In its university mission statement, Whitworth declares a deep commitment to free speech on campus: “Whitworth affirms freedom of expression for its students, staff and faculty. Our commitment to free expression is grounded in our faith … We take Jesus Christ as the model for engagement in public discourse and for exploration and expression of ideas.”

Students who came to the university with that assurance are now being told that some views are simply too harmful to be heard.

It may be a familiar moment for Van Fleet from her own experience in the Cultural Revolution. In February 1957, Mao issued a surprising speech titled “On the Correct Handling of Contradictions Among the People” in which he encouraged intellectual debate and criticism.

Intellectuals were leery and did not come forward, prompting Mao to take measures to induce their speech. When some then criticized party orthodoxy or corruption, Mao had the speech retroactively changed and cracked down on dissenters as spreading harmful thoughts.

Mao rounded up the intellectuals and told citizens that the government would only allow the ‘fragrant flowers’ of healthy debate while pulling out the ‘poisonous weeds’ of noxious capitalism. What is noteworthy is how close the rhetoric of Mao is to that of many anti-free speech advocates today on our campuses.

Mao declared “words and actions should help to unite, not divide, the people of our various nationalities; They should be beneficial, not harmful, to socialist construction; They should help to consolidate, not weaken, the people’s democratic dictatorship; They should help to consolidate, not weaken, democratic centralism.”

The notion that free speech is harmful now permeates our higher education institutions.

Students and some faculty have maintained the position that they have a right to silence those with harmful speech and student newspapers have declared opposing views to be outside of the protections of free speech.  Even Columbia Journalism School Dean Steve Coll denounced the “weaponization” of free speech.

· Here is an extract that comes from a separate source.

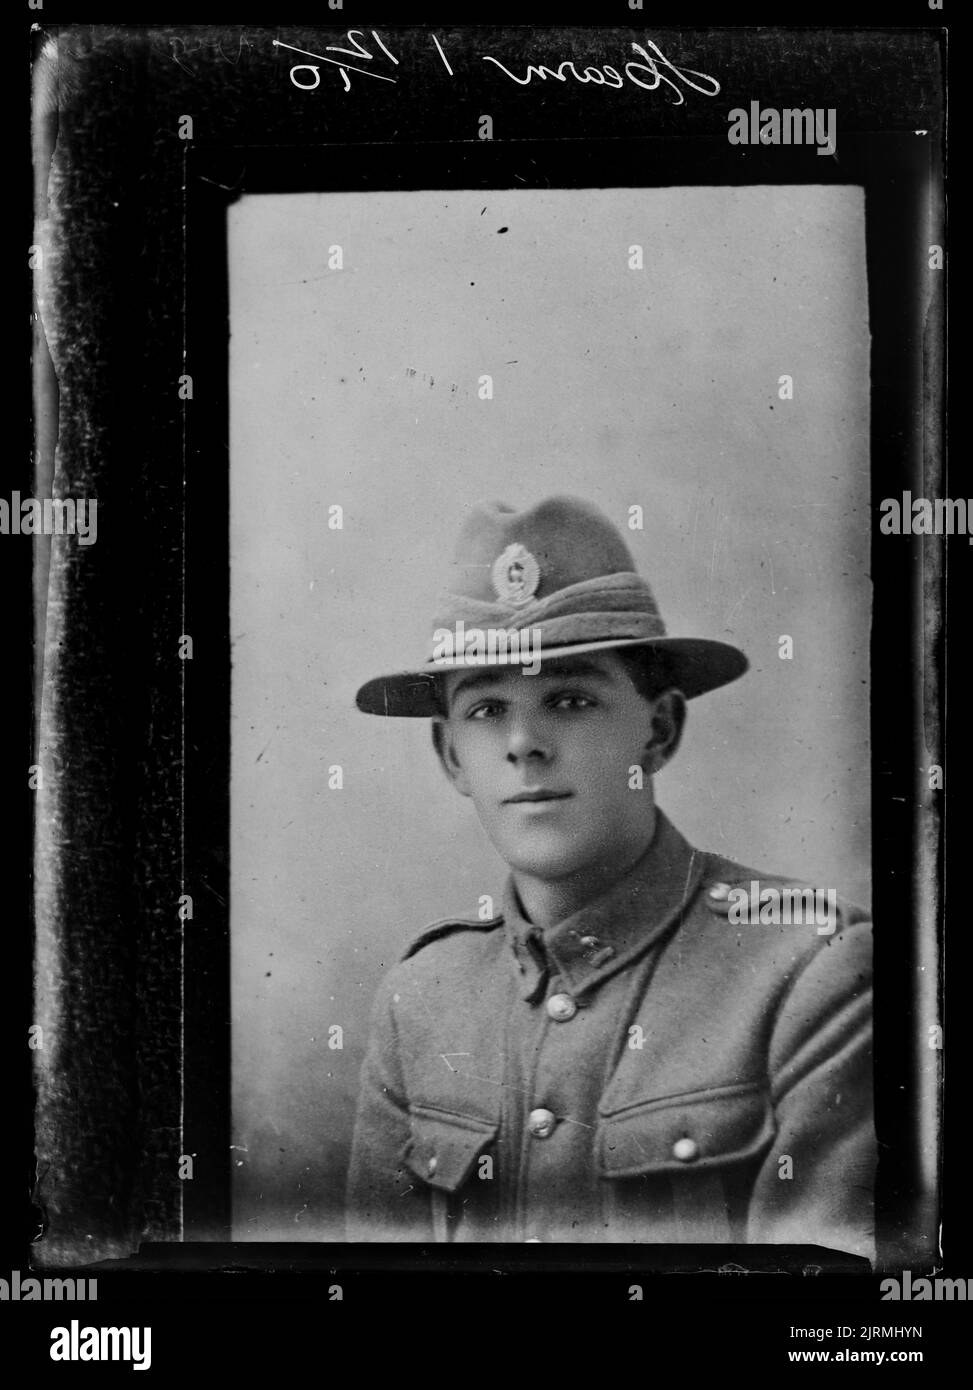 Kopie eines Portraits eines Soldaten mit der Aufschrift Hearn 1 12/10 vig Stockfoto

At Washington & Lee University, faculty signed a petition to bar a conservative speaker and anyone with “harmful ideologies.”

At Emory University, the law review rescinded a publication offer to an author questioning systemic racism theories as “hurtful and unnecessarily divisive.” Other Emory students barred a free speech group from being recognized because there are no apparent safeguards in place to prevent potential and real harm that could result from these discussions[.]”

In the recent outrageous cancelling of a federal judge by Stanford law students, Stanford DEI Dean Tirien Steinbach condemned Judge Duncan for speaking when his views were considered harmful by many. She asked “‘even in this time. And again I still ask: Is the juice worth the squeeze?” Later, while Stanford reaffirmed its commitment to free speech, it refused to punish any of the students that prevented Duncan from speaking.

Portland State University professor Jennifer Ruth defended the cancelling of the judge as an “existential threat” to students and even higher education.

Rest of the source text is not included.